Obbedienza a Dio di cui ha dato prova concreta nella lotta contro la
tentazione.
Tradizionalmente la prima domenica
di Quaresima ci pone in contatto con Gesù che nel deserto subisce l'assalto del
diavolo, ma non soccombe, riporta vittoria su di lui e su tutte le sue
suggestioni. Il Figlio di Dio non è risparmiato dalla tentazione, che riguarda
proprio il suo rapporto col Padre. Satana cerca di allontanare Gesù da Dio, di
metterlo in contrasto con Lui. Vuole persuaderlo a non comportarsi da figlio,
rinnegando addirittura la sua relazione filiale col Padre. "Se sei Figlio di Dio", usa
il potere di cui disponi per soddisfare ora le tue necessità vitali e, poi, per
risolvere ogni problema economico dell'umanità offrendo alla gente
un'abbondanza di beni materiali. Tutto questo puoi farlo, senza dipendere da
tuo Padre, non aspettandoti l'intervento della sua provvidenza (I tentazione).
Ma Gesù si abbandona al Padre e respinge la tentazione riferendosi a un
alimento che per Lui è più importante del pane: la Parola di Dio.
"Se sei Figlio di Dio", usa il tuo potere per compiere
miracoli clamorosi e gesti spettacolari con cui conquisterai la gente: "Gettati giù...",
manifestando così la tua fiducia in Dio. Questa però non è la vera fiducia del
Figlio, ma un mettere Dio alla prova (II tentazione).

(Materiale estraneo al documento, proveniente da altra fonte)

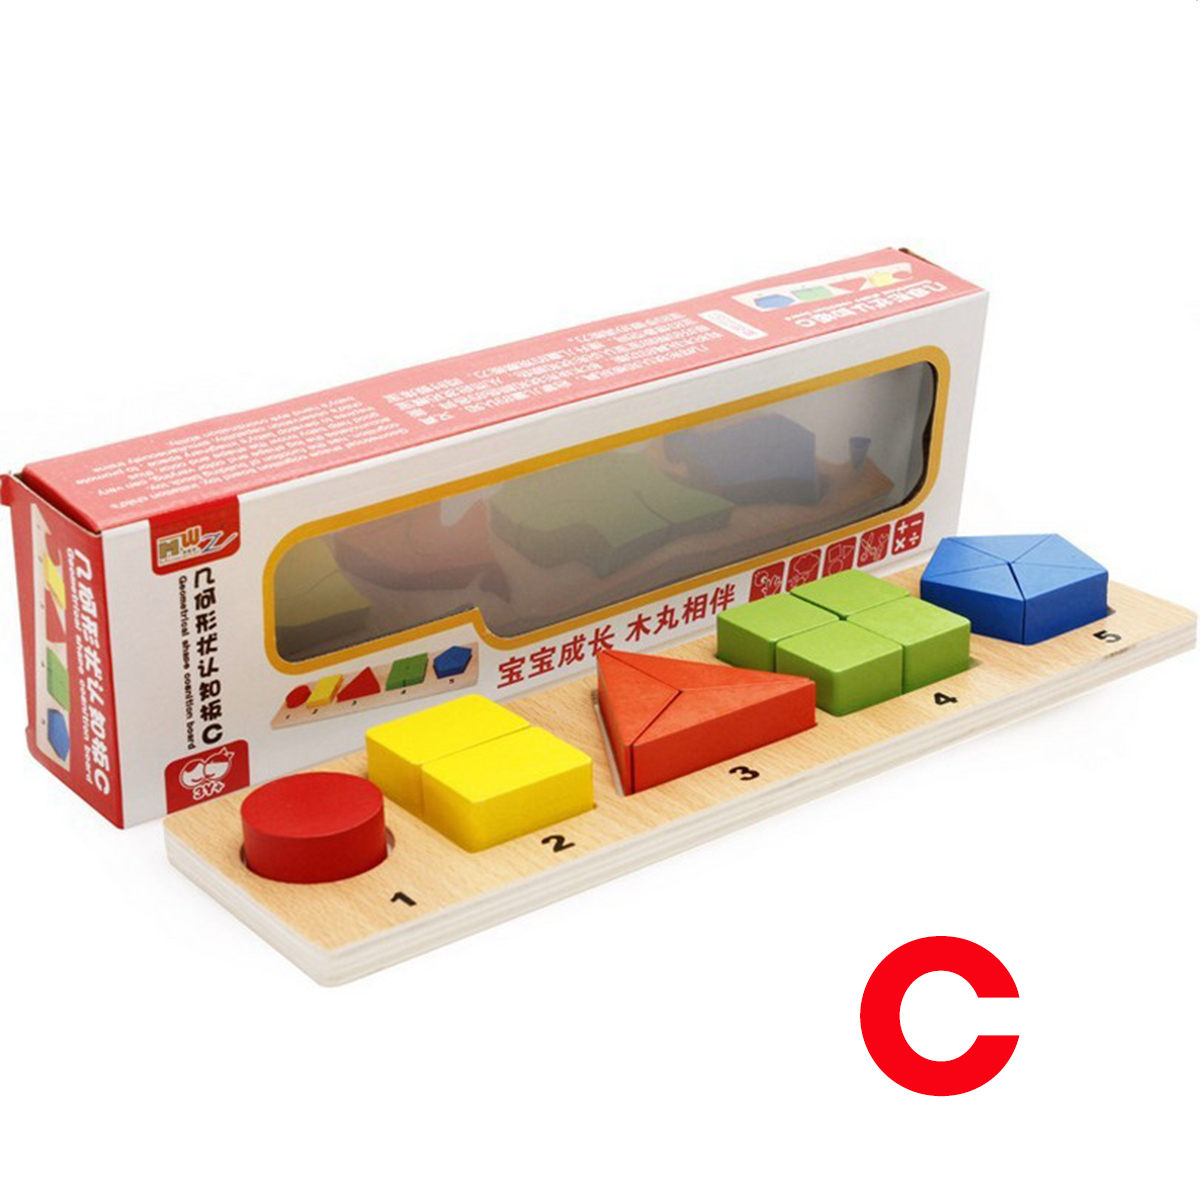 Wooden-Geometric-Matching-Blocks-Kids-Baby-Educational-Toys-Inlay-Building-Block-Teaching-Aid-Toy-Gi-1594036-9

"Non tenterai il Signore Dio tuo". Gesù si manifesta
vero Figlio di Dio che ha scelto di vivere nell'umiltà e nel nascondimento e
non ha bisogno di forzare Dio a dimostrargli che lo ama. Si fida semplicemente
di Lui.
Nella terza tentazione Satana
scopre le sue carte. Offre a Gesù il dominio politico ed economico del mondo, a
una condizione: adorare lui al posto di Dio, apostatando quindi da Dio. Ma Gesù
reagisce con forza estrema: smaschera l'Avversario svelando la sua identità
("Satana") e gli ordina decisamente di andarsene
("Vattene!").
Le proposte di Satana sono apparentemente sagge e
suggestive. Corrispondono, infatti, al buon senso, alle aspettative e alla
concezione corrente, allora come oggi, secondo cui la salvezza viene da un
messianismo facile e trionfalistico e non invece dall'amore che si abbandona a
Dio e si fa servizio sino alla Croce.
Questa tentazione non ha aggredito Gesù soltanto nel deserto, ma
lo ha accompagnato lungo tutto il suo ministero, raggiungendo poi una violenza
inaudita nella Passione. Attraverso questa tentazione, che assume le forme più
diverse, è Satana, il grande nemico - non un simbolo, ma una presenza reale,
personale, anche se misteriosa - che cerca di separare Gesù da Dio suo Padre
boicottando il disegno di Dio. Ma Gesù in una lotta dura, sofferta,
perseverando nella sua scelta controcorrente, rimane fedele a Dio e al suo
progetto fino alla morte. In tal modo riporta una vittoria completa sulla
tentazione, alla quale aveva invece ceduto Israele nel deserto e, prima ancora,
l'umanità ai suoi inizi.
I cristiani non possono pretendere
che sia loro risparmiata la prova. L'affrontano però nella certezza che il loro
Signore ha vinto Satana e li sostiene nella lotta. Gesù rimane accanto a noi e
ci insegna a pregare il Padre: "Non
ci indurre in tentazione", cioè fa' che non soccombiamo alla
tentazione di tradirti, di perdere la fede. In definitiva, è la fede che il
tentatore cerca di insidiare, portando un "figlio di Dio" a essere
diverso da come suo Padre lo vuole.
Da Gesù impariamo anche con quale strategia possiamo vincere ogni forma di tentazione. Il segreto è il rapporto vivo con la Parola di Dio. Gesù resta fedele alla volontà del Padre e tale volontà la legge nella Scrittura. A ogni attacco del diavolo risponde citando un breve testo della Sacra Scrittura. Non si tratta di una schermaglia di parole, ma di una precisa volontà di lasciarsi muovere e misurare dalla Parola. Spesso, quando sentiamo forte la tentazione - dell'avere, del valere, del potere - basta lasciare risuonare dentro di noi una Parola di Dio per trovare la forza di resistere e di unirsi a Lui, l'unico Signore da adorare e servire.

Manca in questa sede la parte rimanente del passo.